Further, the server stores the client access tag in a blockchain database, which is not limited herein.
In the embodiment of the invention, business card data of a bank client to be processed is collected to obtain the business card data, and the data extraction is carried out on the business card data to obtain content data and browsing data; standardizing the content data to obtain attribute data, and generating a customer attribute label corresponding to a bank customer to be processed according to the attribute data; authenticating personal information of bank clients to be processed and carrying out normalization processing on browsing data to obtain access data; inputting the access data into a client portrait processing model for user tag calculation to obtain a client access tag; and determining a customer portrait corresponding to the bank customer to be processed according to the customer attribute label and the customer access label. The invention can analyze the access data of the client and update the client portrait and the preference from multiple dimensions by tracking the bank client clues in real time, thereby improving the accuracy of generating the client portrait.

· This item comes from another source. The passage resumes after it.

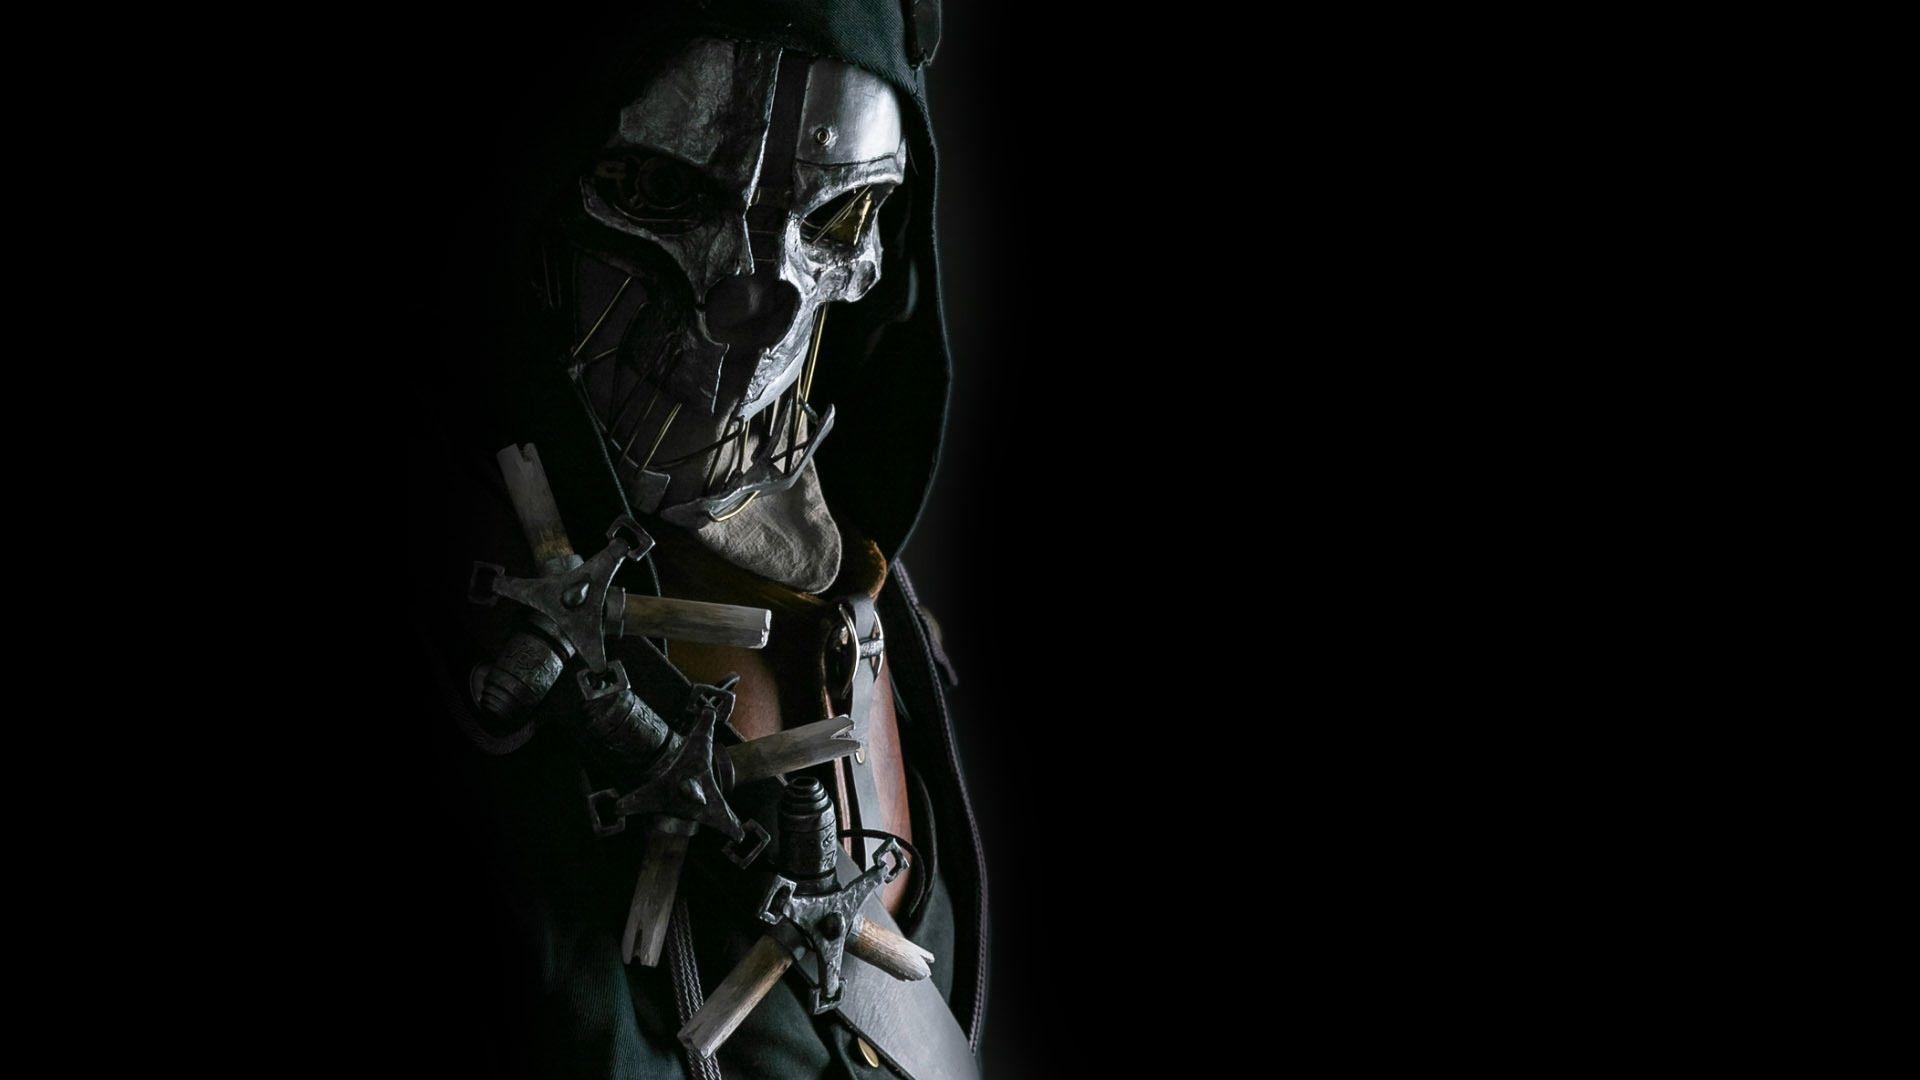 550886 1920x1080 dishonored 2 wallpaper JPG 185 kB - Rare Gallery HD  Wallpapers

Referring to FIG. 4, a second embodiment of a client representation generation apparatus according to the present invention comprises:
the acquisition module 301 is configured to acquire business card data of a bank client to be processed from a preset bank application program, obtain business card data corresponding to the bank client to be processed, perform data extraction on the business card data, and obtain content data and browsing data corresponding to the business card data;
the processing module 302 is configured to perform standardization processing on the content data to obtain attribute data corresponding to the content data, and generate a customer attribute tag corresponding to the bank customer to be processed according to the attribute data corresponding to the content data;
the normalization module 303 is configured to perform personal information authentication on the bank client to be processed and perform normalization processing on the browsing data to obtain access data corresponding to the browsing data;
a calculation module 304, configured to input the access data into a preset customer portrait processing model for user tag calculation, so as to obtain a customer access tag corresponding to the bank customer to be processed;
and a generating module 305, configured to determine a customer portrait corresponding to the bank customer to be processed according to the customer attribute tag and the customer access tag.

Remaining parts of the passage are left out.